Les années Bouteflika ont été bâties sur le socle de la réconciliation nationale. Or Algériens et Marocains ne se sont pas réconciliés au cours de ces années-là, mais se sont plutôt davantage tourné le dos. Pourquoi ?
Là on parle de deux régimes ou de deux structures politiques. Algériens et Marocains n’ont pas à se réconcilier. Ce ne sont pas des ennemis, des adversaires, mais des voisins, des frères. Non seulement on n’a pas œuvré des deux côtés à nous réconcilier, mais on a travaillé l’adversité. Un sentiment antialgérien d’un côté et un sentiment antimarocain de l’autre.
Nous sommes en train de préparer des générations capables de se faire des guerres. Ce n’est pas de l’alarmisme mais une réalité. Des frontières fermées aboutissent toujours à des conflits.
La notoriété internationale est-elle un lourd fardeau à porter ?
Elle est flatteuse pour l’ego. Quel écrivain ou artiste veut mourir anonyme ? Sortir de l’anonymat procure une sorte d’euphorie au début. Ensuite vient une phase de panique, puis de lucidité. Je me suis interrogé sur les erreurs commises par mes aînés et que je ne dois pas réitérer. L’hypermédiatisation phagocyte la créativité et peut provoquer une inflation de l’ego. J’écris parce que ça donne du sens à ma vie. J’ai eu la chance de connaître la visibilité comme journaliste avant d’être connu comme écrivain.
La vanité est l’ennemi du talent. Mon corps est devenu l’enjeu de beaucoup de contradictions. Des gens disent plus de choses que moi en Algérie et cela passe inaperçu. Il suffit que je dise un mot et c’est le tintamarre. Je suis sorti de mon village pour conquérir, pour briller.
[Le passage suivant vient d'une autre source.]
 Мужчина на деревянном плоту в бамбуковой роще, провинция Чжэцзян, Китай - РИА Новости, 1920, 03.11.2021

Courir après les prix ? Si j’étais coureur de fond aux Jeux olympiques, je ne me battrais pas pour être le dernier. Ce n’est pas une honte de gagner. Il faut d’ailleurs restaurer chez nous le mérite, le succès et le triomphe. Nous en sommes arrivés au point où un Algérien qui gagne dans le reste du monde doit se justifier. Le morbide est arrivé à ce qu’on ait honte de nos succès.
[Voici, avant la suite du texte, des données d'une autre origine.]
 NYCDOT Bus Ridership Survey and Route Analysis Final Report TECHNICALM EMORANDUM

Kamel Daoud président, cela changerait quoi ?
Je me déclarerais ancien maquisard. Je plaisante. Ma priorité serait l’école. Restaurer l’Algérie comme centre, ses référents, littérateurs, ses créateurs… L’Algérie comme noyau, comme nombril du monde. Réparer l’algérianité en nous par les manuels scolaires. Décomplexer la question des langues. Nos langues sont plurielles, elles sont plusieurs fenêtres dans une même maison. Elles doivent être restaurées et ennoblies. On ne peut posséder le monde que lorsqu’on possède ses langues.
Régler la question religieuse. L’islam est un choix intime, pas une obligation. L’Algérie est plurielle, amazigh, arabe, chrétienne, juive… La blessure coloniale m’appartient, elle doit m’enrichir et non me handicaper. Il nous faut assumer toutes nos histoires et étendre notre passé plus loin. Je voudrais guérir notre algérianité. La profondeur historique de l’Algérie ne commence pas avec 1830. Notre patrimoine archéologique inestimable peut non seulement nous rapporter de l’argent, mais également nous restituer notre universalité.